Application of these principles to Kingdom's activities in Queens County and the Eastern District indisputably supports a finding of personal jurisdiction, and therefore venue, in this court. Mr. Mo testified that Kingdom shares an office with Dong in Flushing, Queens. (Dec. 26 Tr., at 17, 31.) Moreover, both corporations apparently have employees in Queens, as process was served and accepted at the Flushing address on behalf of both corporate defendants. Mr. Mo testified that he signs checks at the Flushing office. (Id.) Kingdom also maintains a bank account at a Citibank branch located in Flushing, and had, until recently, another bank account at an Asia Bank branch also located in Flushing. (Id. at 12.) Kingdom has a listing in the Queens, but not the Bronx, phone directory. Finally, it should be noted that although Kingdom's Certificate of Incorporation lists New York County as the site of the corporate headquarters, a recent visit to the New York Secretary of State's website disclosed an address in Flushing as the site of the executive office and the address for service of process. Thus, pursuant to C.P.L.R. § 301, Kingdom is undoubtedly doing business in the Eastern District, which subjects it to personal jurisdiction. Furthermore, its contacts with the Eastern District are continuous and systematic, thus satisfying the requirements of Due Process. Accordingly, venue, for Kingdom, is likewise proper in the Eastern District.

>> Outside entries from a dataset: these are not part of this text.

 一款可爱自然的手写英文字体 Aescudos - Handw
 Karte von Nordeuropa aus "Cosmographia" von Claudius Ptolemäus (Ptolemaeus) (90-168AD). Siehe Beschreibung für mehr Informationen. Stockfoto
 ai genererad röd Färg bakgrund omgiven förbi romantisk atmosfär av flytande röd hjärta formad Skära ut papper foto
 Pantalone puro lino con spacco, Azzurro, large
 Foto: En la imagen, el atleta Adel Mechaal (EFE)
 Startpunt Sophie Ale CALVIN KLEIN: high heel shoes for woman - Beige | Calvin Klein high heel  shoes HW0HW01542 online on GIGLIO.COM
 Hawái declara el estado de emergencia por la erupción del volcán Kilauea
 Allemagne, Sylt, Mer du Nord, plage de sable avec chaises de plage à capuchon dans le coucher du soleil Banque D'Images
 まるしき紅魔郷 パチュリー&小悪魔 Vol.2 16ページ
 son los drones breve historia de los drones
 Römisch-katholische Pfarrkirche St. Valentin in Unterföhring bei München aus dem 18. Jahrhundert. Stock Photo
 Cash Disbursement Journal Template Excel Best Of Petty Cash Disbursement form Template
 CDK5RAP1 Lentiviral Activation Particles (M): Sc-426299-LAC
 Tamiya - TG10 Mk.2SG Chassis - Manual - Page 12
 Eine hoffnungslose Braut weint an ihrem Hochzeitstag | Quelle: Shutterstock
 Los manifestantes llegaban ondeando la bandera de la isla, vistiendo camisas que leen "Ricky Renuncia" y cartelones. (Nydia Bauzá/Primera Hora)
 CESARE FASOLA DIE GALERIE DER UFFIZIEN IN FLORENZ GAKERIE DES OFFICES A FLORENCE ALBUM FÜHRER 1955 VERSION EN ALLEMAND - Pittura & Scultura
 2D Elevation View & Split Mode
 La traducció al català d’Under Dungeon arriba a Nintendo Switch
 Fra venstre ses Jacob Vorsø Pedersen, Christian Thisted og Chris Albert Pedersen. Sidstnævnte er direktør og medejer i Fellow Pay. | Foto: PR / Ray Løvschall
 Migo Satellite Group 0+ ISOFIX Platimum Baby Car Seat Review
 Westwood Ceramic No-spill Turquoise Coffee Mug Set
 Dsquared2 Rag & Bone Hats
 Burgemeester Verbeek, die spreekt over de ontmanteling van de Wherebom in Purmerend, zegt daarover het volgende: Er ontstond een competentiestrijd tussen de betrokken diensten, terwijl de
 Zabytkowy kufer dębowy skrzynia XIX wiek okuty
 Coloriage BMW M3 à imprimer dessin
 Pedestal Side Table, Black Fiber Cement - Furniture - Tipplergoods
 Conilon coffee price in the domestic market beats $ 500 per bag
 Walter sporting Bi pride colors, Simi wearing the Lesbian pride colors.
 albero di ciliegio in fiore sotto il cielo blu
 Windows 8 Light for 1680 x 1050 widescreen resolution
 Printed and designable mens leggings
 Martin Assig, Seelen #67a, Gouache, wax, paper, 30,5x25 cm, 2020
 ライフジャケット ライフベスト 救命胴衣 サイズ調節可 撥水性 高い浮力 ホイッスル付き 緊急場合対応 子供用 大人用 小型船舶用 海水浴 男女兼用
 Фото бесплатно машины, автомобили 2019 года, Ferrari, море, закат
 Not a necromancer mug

II. Preliminary Injunction

A. Standard for Injunctive Relief

The now well-established standard in the Second Circuit for obtaining a preliminary injunction requires a showing of "(a) irreparable harm and (b) either (1) likelihood of success on the merits or (2) sufficiently serious questions going to the merits to make them a fair ground for litigation and a balance of hardships tipping decidedly toward the party requesting the preliminary relief." Jackson Dairy, Inc. v. J.P. Hood Sons, Inc., 596 F.2d 70, 72 (2d Cir. 1979) (per curiam). That standard applies with equal force in cases, such as this one, brought under PACA for injunctive relief. See JSG Trading Corp. v. Tray-Wrap, Inc., 917 F.2d 75, 79 (2d Cir. 1990). Plaintiffs have amply demonstrated that the risk of irreparable harm is present, and that they are likely to succeed on the merits.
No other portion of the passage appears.